Milan Hrabal hopes that the exchange between the German, Czech and Sorb cultures will continue to flourish, supported by the relatively prodigious output of the Sorb press and youth culture on both sides of the border. He believes that the inclusion of his town in the Bautzen/Nisa Euroregion will help to speed the inclusion of the Czech Republic into the European Union and expose the world to the little-known Sorb people and culture, by promoting tourism and investment. The Luzice mountains, which surround Varnsdorf, have been a traditional winter destination for Czech skiers, and some believe that the area's popularity will increase, due in part to the cohesion of the Sorbs across national borders.
The Sorb press, which is controlled by the publishing house Domowina-Verlag and includes a handful of radio stations, a weekly television program and a body of scholarly texts, is heavily supported by the German government. Last year, a recent trend of cutbacks was reversed, in what Hrabal describes as a major victory for the Sorbs of both Germany and the Czech Republic, who number around 60,000 at last count. "The money is primarily used for purposes of education," says Hrabal, although the literary tradition of the Sorb nation has also benefited through grant programs and support for Sorb-language events such as theater productions.
The Varnsdorf library, located in an enchanting villa just a few blocks from the beautifully preserved town square, hosted the modest crowd of 50 Sorbophiles, who gathered to hear 15 different poets read their most recent work. Translations into Czech followed the Sorb texts, and musical interludes were provided by the talented duo of Istvan Kobela and Marko Dyrlich, who performed traditional folk songs as well as original tunes and finished with an energetic, and somehow appropriate, translation of The Beatles' "Here Comes the Sun."

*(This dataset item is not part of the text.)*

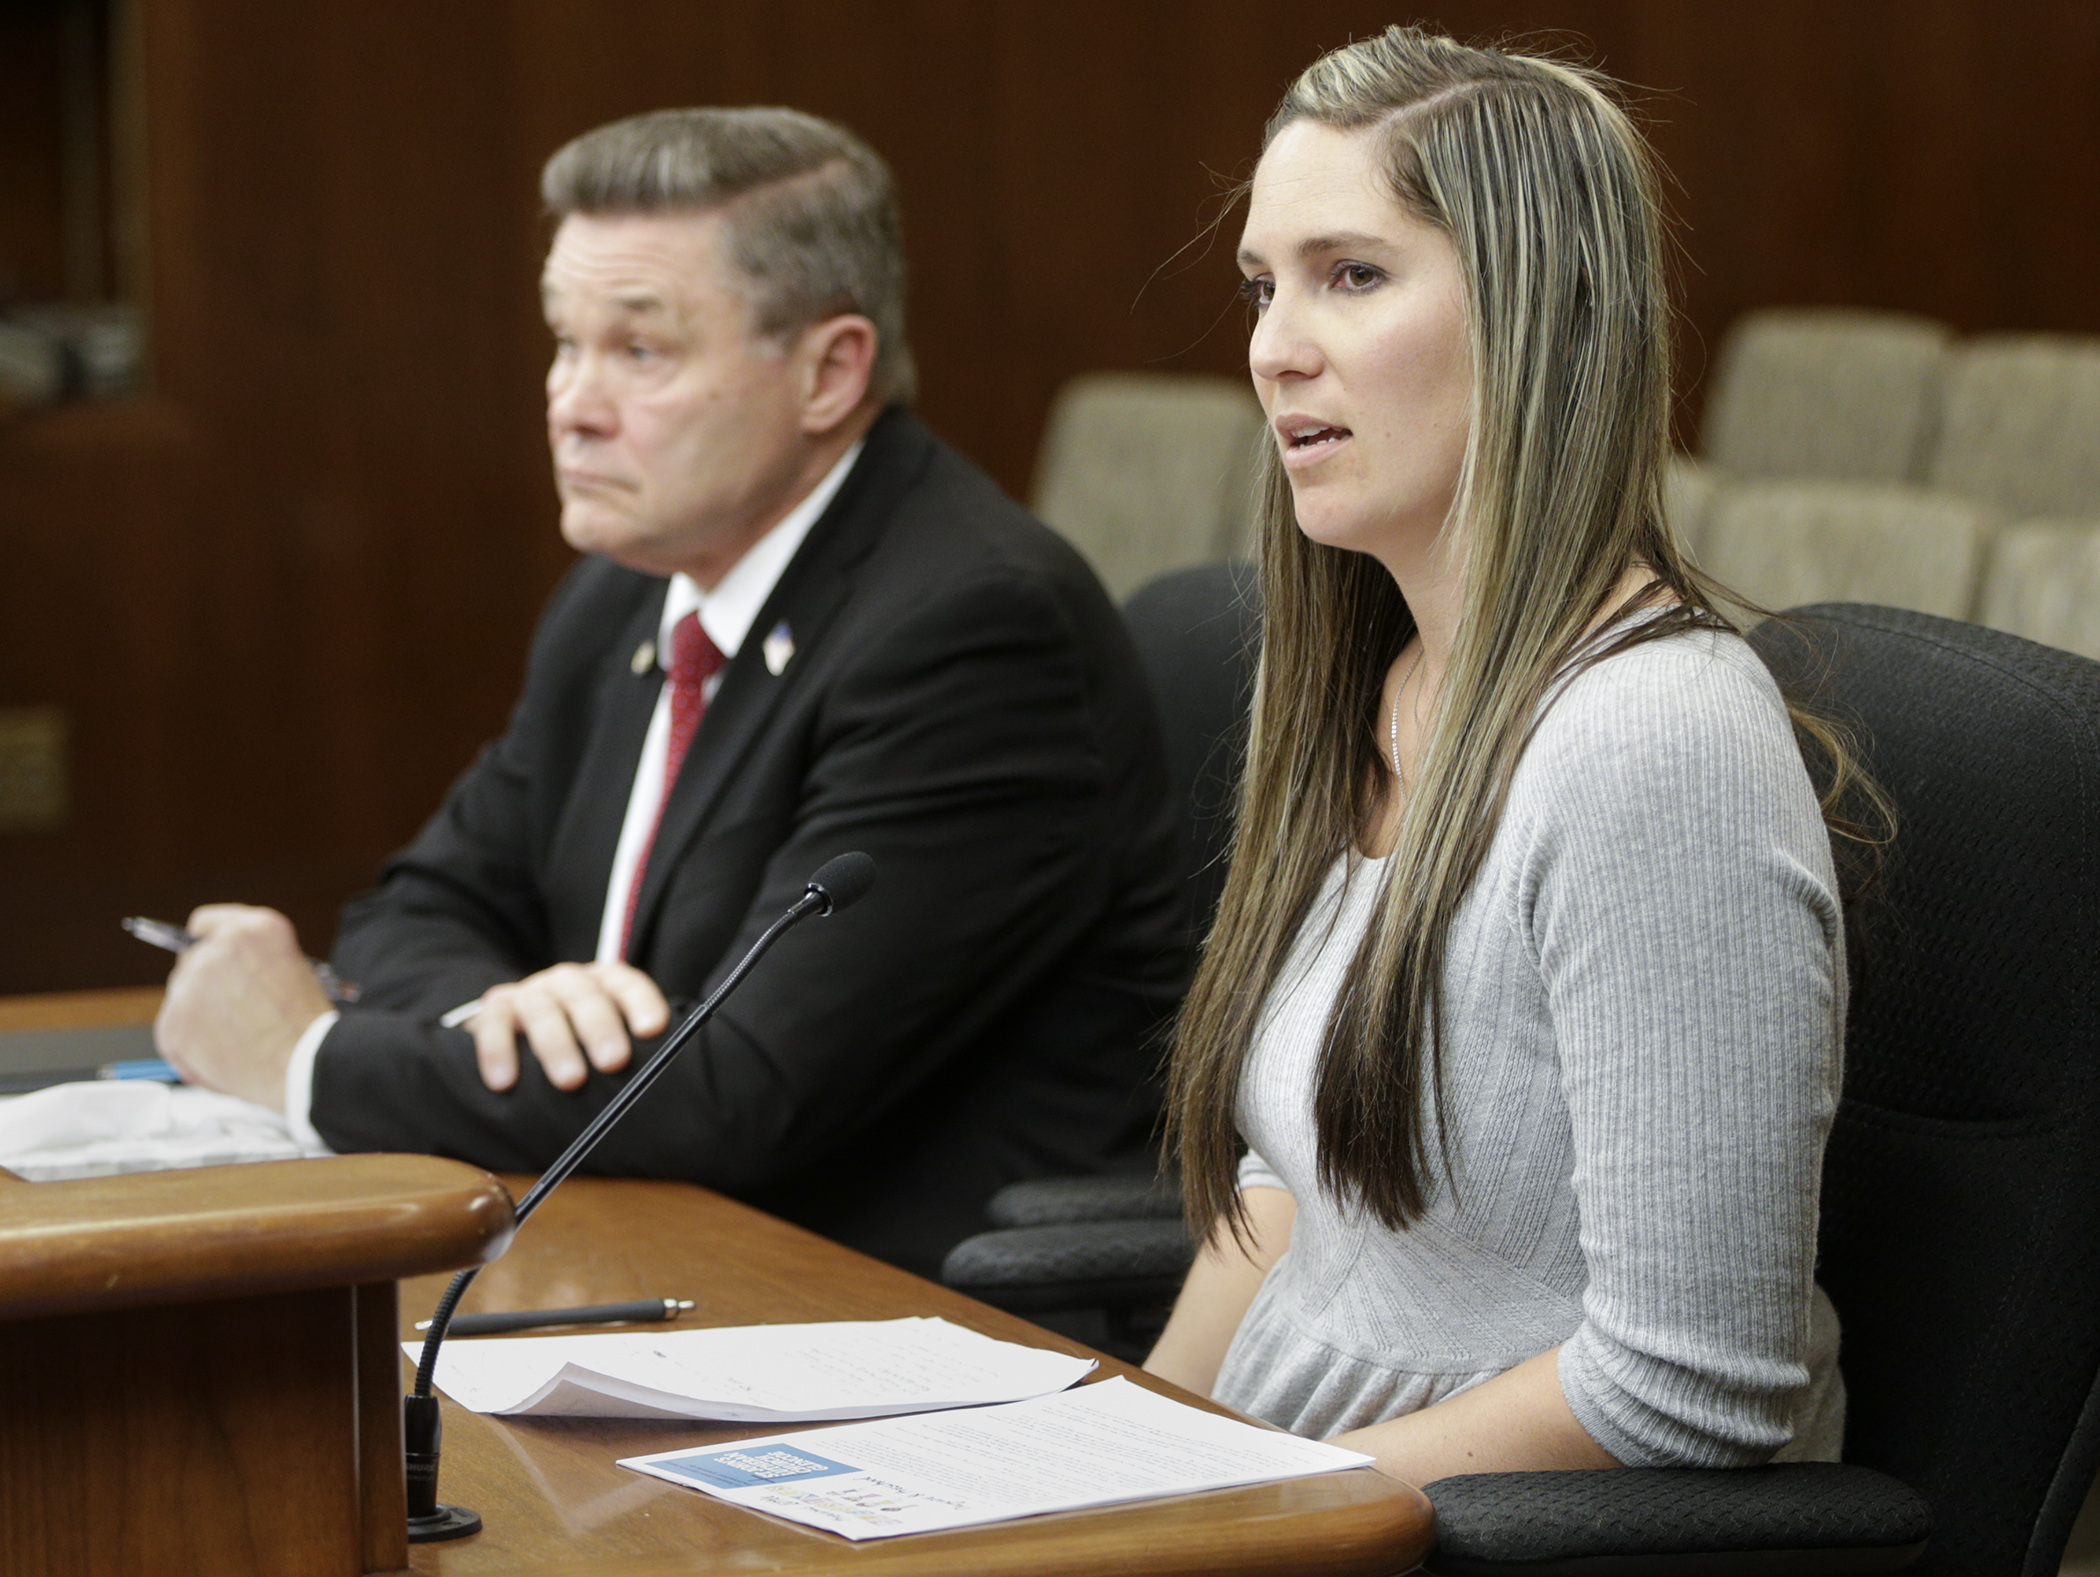 Katie Rickert, director of Precious Little Blessings Daycare, testifies on HF2834, sponsored by Rep. Glenn Gruenhagen, left, which would provide a property tax exemption for some daycare facilities. Photo by Paul Battaglia

Kobela, a resident of Bautzen, is the primary songwriter for the band Crying Blue, which performs original songs in German and Sorb. He was surprised to be described as, "active in the Sorb community," saying that the younger generation of Sorbs are, with few exceptions, "very aware of their language and culture." Significantly, he also noted that the minority population is freely accepted within the culture of modern-day Germany and the Czech Republic. The young Sorbs also seem to have escaped the sad predicament faced by members of other minority groups in Europe, especially Romani minorities, whose troubles appear to be far from over.

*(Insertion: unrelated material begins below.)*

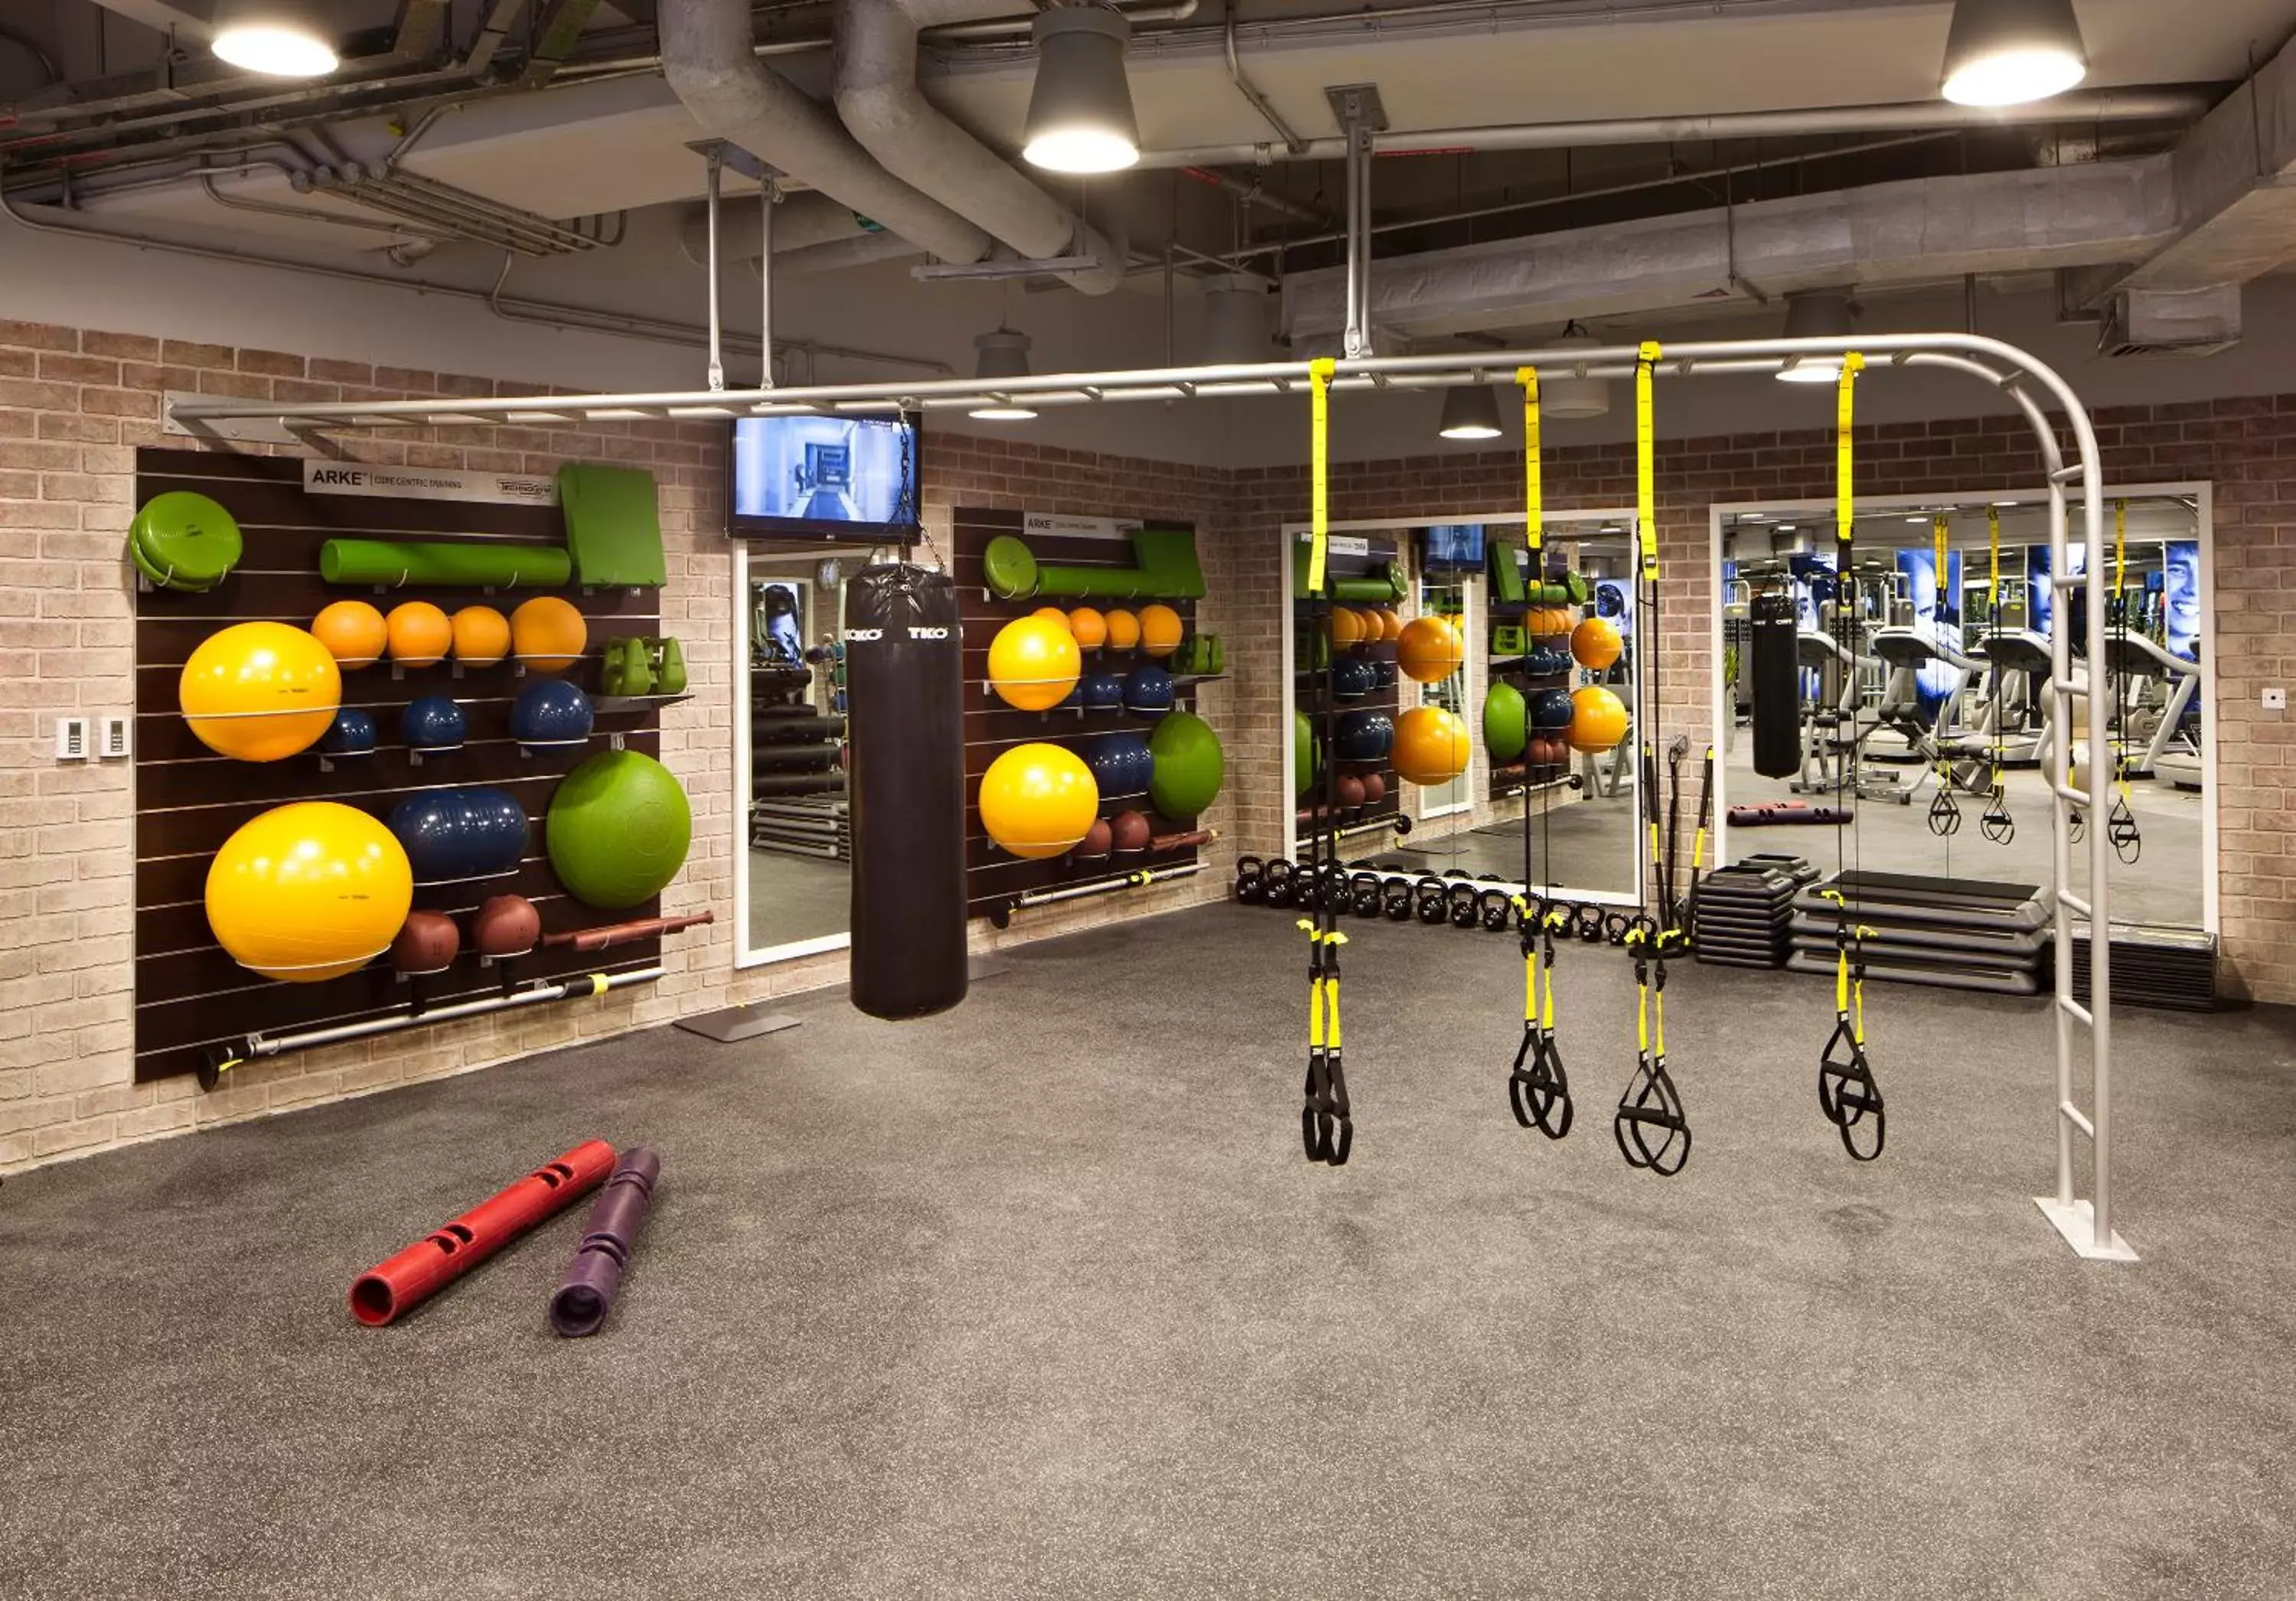 Fitness centre/facilities, Fitness Center/Facilities in Jumeirah Emirates Towers

So what is the secret of the Sorbs' success? Is it the similarity of their language to other Slavic tongues or their diligent dedication to preserving their culture? Maybe it is related to the land that they call home; the gateway to the Lusatians is an area of astounding physical beauty and relative affluence. The Hermit Wernar was known to stand beside the road outside Varnsdorf, warning traveling merchants of marauding knights in the area. Present-day Sorbs carry on Werner's mission by demonstrating to all of Europe the various benefits of blending national pride with tolerance.